As can be gleaned from the foregoing, petitioner-appellant GSIS had already credited the amount of
P11,152.02. Thus, when the Court of Appeals made the aforequoted ruling, it was actually doubly
crediting the amount of P11,152.02 which had been previously credited by petitioner-appellant GSIS
(Rollo, pp. 170-171).
III.
As to whether or not the interest rates on the loan accounts of the Medinas are usurious, it has already
been settled that the Usury Law applies only to interest by way of compensation for the use or
forbearance of money (Lopez v. Hernaez, 32 Phil. 631; Bachrach Motor Co. v. Espiritu, 52 Phil. 346;
Equitable Banking Corporation v. Liwanag, 32 SCRA 293, March 30, 1970). Interest by way of damages
is governed by Article 2209 of the Civil Code of the Philippines which provides:
Art. 2209. If the obligation consists in the payment of a sum of money, and the debtor
incurs in delay, the indemnity for damages, there being no stipulation to the contrary,
shall be the payment of the interest agreed upon,...
In the Bachrach case (supra) the Supreme Court ruled that the Civil Code permits the agreement upon
a penalty apart from the interest. Should there be such an agreement, the penalty does not include the
interest, and as such the two are different and distinct things which may be demanded separately.
Reiterating the same principle in the later case of Equitable Banking Corp. (supra), where this Court
held that the stipulation about payment of such additional rate partakes of the nature of a penalty
clause, which is sanctioned by law.
IV.
Based on the finding that the GSIS had the legal right to impose an interest 9% per annum,
compounded monthly, on the loans of the Medinas and an interest of 9%/12% per annum on all due
and unpaid amortizations or installments, there is no question that the Medinas failed to settle their
accounts with the GSIS which as computed by the latter reached an outstanding balance of
P630,130.55 as of April 12, 1975 and that the GSIS had a perfect right to foreclose the mortgage.
In the same manner, there is obvious error in invalidating the extra-judicial foreclosure on the basis of
a typographical error in the Sheriff's Certificate of Sale which stated that the mortgage was foreclosed
on May 17, 1963 instead of February 17, 1963.
There is merit in GSIS' contention that the Sheriff's Certificate of Sale is merely provisional in character
and is not intended to operate as an absolute transfer of the subject property, but merely to Identify
the property, to show the price paid and the date when the right of redemption expires (Section 27,
Rule 39, Rules of Court, Francisco, The Revised Rules of Court, 1972 Vol., IV-B, Part I, p. 681). Hence the
date of the foreclosed mortgage is not even a material content of the said Certificate. (Rollo, p. 174).
V.

PREMISES CONSIDERED, the decision of the Court of Appeals, in CA-G.R. No. 62541-R Medina, et al. v.

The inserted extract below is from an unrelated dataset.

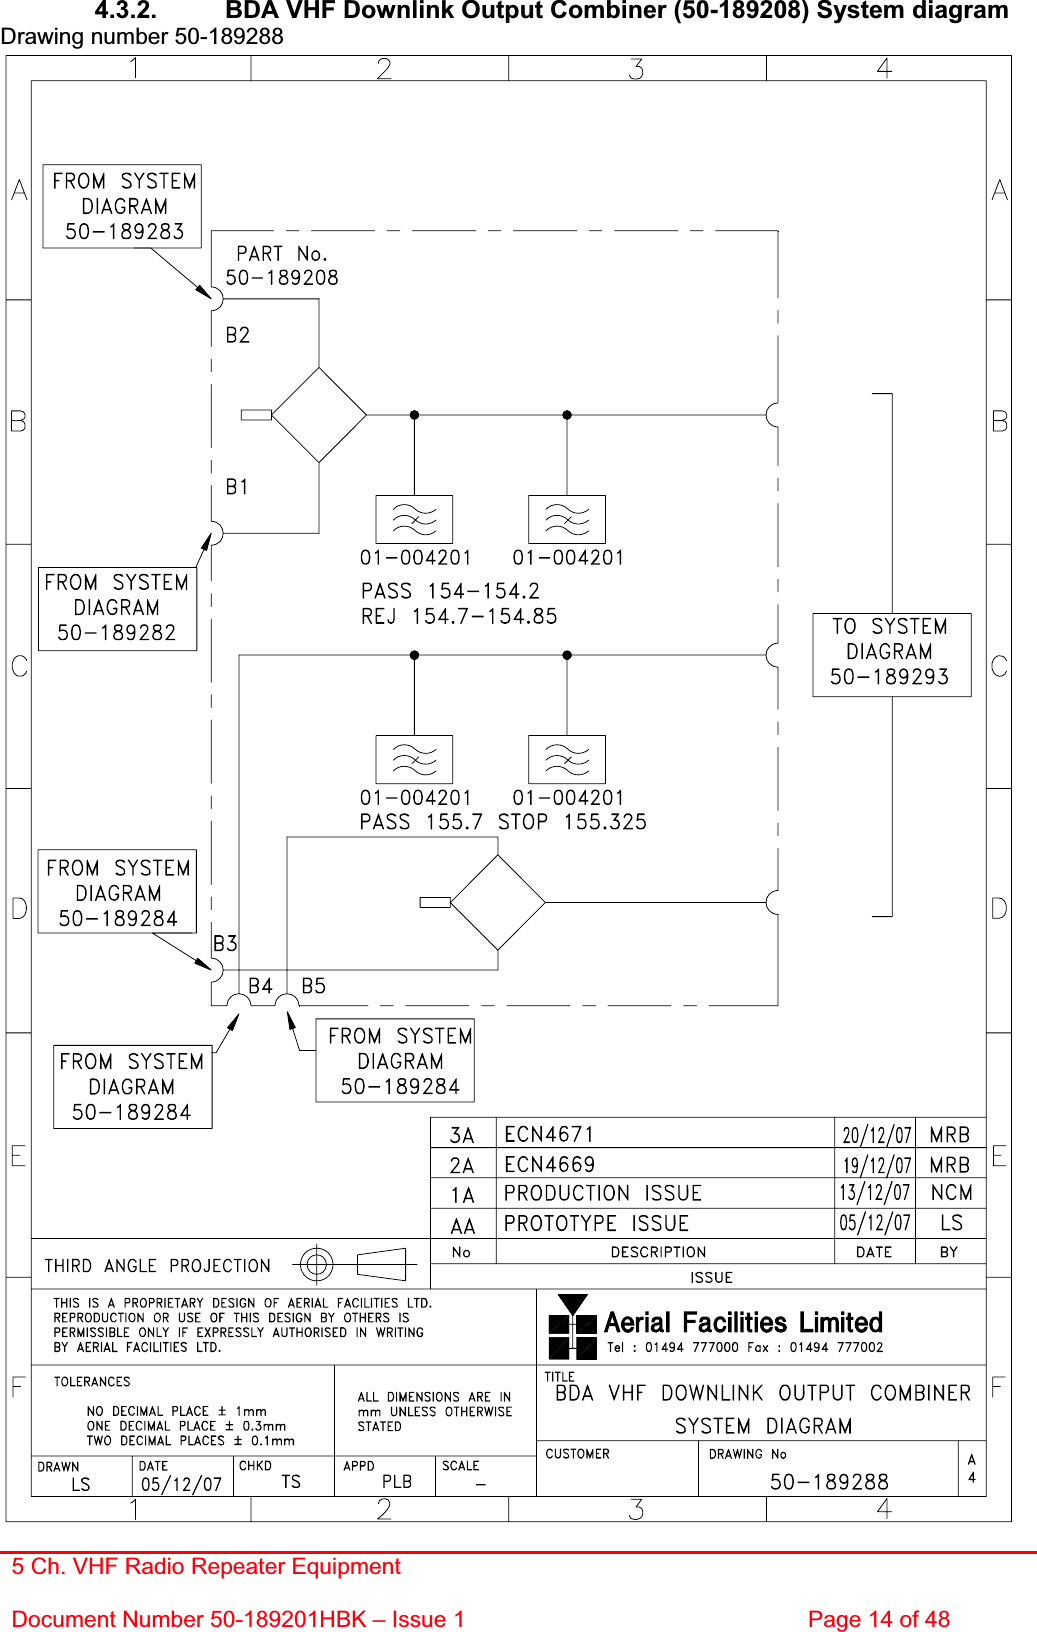 5 Ch. VHF Radio Repeater EquipmentDocument Number 50-189201HBK – Issue 1  Page 14 of 48 4.3.2.  BDA VHF Downlink Output Combiner (50-189208) System diagram Drawing number 50-189288 
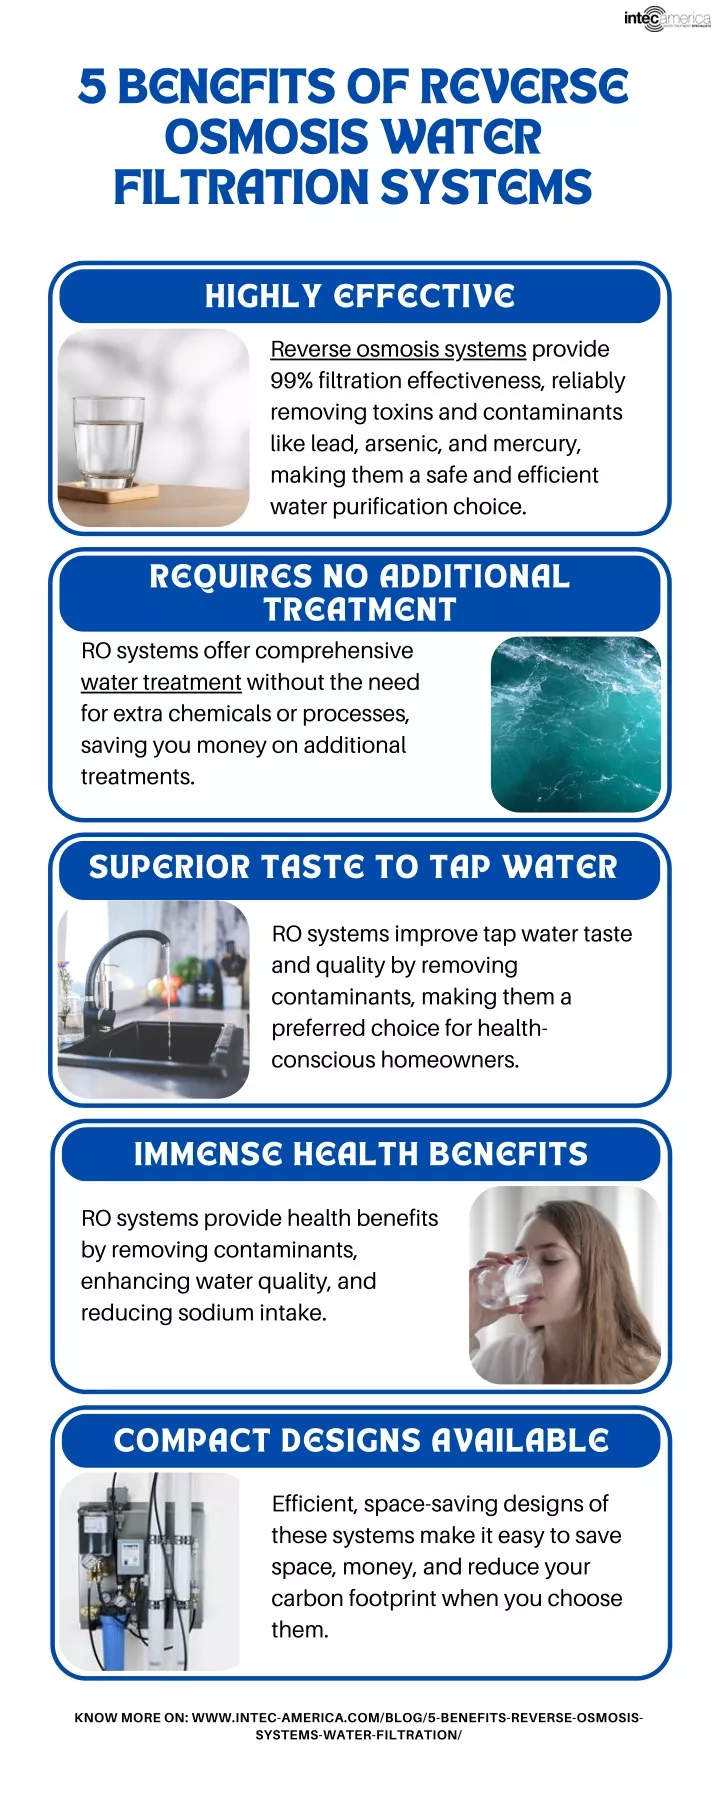 5 benefits of reverse osmosis water filtration

Government Service Insurance System et al., is hereby REVERSED and SET ASIDE, and a new one is
hereby RENDERED, affirming the validity of the extra-judicial foreclosure of the real estate mortgages
of the respondent-appellee spouses Medina dated April 4, 1962, as amended on July 6, 1962, and
February 17, 1963.
SO ORDERED.
Feria (Chairman), Fernan, Alampay and Gutierrez, Jr., JJ., concur.